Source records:
= Beginning of Section =
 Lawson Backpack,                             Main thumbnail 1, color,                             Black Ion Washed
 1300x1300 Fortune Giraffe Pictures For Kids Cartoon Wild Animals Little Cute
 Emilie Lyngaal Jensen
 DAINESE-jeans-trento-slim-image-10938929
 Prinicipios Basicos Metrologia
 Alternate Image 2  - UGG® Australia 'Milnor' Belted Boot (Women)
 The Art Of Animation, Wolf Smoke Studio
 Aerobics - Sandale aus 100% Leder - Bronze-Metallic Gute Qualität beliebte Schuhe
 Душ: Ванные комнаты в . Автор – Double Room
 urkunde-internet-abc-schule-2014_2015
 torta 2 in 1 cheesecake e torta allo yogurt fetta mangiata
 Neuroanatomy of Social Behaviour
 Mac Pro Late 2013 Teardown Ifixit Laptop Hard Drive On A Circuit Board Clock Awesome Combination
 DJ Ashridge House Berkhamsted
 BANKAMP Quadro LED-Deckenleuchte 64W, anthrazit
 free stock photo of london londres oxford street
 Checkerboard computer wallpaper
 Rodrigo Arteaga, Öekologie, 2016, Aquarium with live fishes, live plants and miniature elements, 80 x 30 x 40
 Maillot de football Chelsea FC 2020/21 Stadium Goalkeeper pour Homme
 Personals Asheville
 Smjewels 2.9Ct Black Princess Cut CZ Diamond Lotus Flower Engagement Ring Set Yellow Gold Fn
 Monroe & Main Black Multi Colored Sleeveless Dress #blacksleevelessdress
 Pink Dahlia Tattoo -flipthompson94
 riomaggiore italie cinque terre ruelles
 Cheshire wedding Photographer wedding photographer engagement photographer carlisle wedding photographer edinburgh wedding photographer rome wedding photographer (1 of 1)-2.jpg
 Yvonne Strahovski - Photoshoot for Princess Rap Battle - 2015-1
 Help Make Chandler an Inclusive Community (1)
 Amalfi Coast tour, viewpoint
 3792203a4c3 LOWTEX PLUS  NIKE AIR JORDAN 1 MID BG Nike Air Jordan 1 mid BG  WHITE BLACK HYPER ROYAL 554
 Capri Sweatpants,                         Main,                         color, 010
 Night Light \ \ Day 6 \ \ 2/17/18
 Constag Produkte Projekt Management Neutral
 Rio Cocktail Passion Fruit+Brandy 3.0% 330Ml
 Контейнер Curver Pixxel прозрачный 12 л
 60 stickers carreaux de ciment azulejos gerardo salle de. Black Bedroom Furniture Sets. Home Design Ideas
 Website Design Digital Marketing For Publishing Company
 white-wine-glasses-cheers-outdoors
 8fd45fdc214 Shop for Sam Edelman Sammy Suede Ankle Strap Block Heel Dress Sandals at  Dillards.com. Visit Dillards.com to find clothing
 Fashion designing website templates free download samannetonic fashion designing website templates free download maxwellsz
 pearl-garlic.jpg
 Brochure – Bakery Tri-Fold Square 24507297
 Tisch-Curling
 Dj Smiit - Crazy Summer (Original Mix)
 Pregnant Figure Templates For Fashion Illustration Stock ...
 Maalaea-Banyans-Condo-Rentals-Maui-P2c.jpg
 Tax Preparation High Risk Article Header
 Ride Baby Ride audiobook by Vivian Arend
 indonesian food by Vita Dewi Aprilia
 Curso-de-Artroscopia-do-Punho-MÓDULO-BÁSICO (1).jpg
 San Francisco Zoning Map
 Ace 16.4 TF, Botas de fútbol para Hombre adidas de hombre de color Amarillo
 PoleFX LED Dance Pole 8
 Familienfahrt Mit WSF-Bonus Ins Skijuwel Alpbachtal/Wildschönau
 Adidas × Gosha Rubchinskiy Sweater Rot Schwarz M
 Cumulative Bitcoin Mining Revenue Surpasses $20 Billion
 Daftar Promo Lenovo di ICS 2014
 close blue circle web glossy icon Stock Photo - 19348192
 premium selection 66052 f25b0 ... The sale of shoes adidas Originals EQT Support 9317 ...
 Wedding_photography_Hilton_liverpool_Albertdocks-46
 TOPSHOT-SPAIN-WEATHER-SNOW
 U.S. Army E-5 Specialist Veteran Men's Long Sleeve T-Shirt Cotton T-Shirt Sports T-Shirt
= End of Section =
* Description of the task
Looking at the records, state how many lines contain "Princess" and write nothing besides that number.

* Written solution
2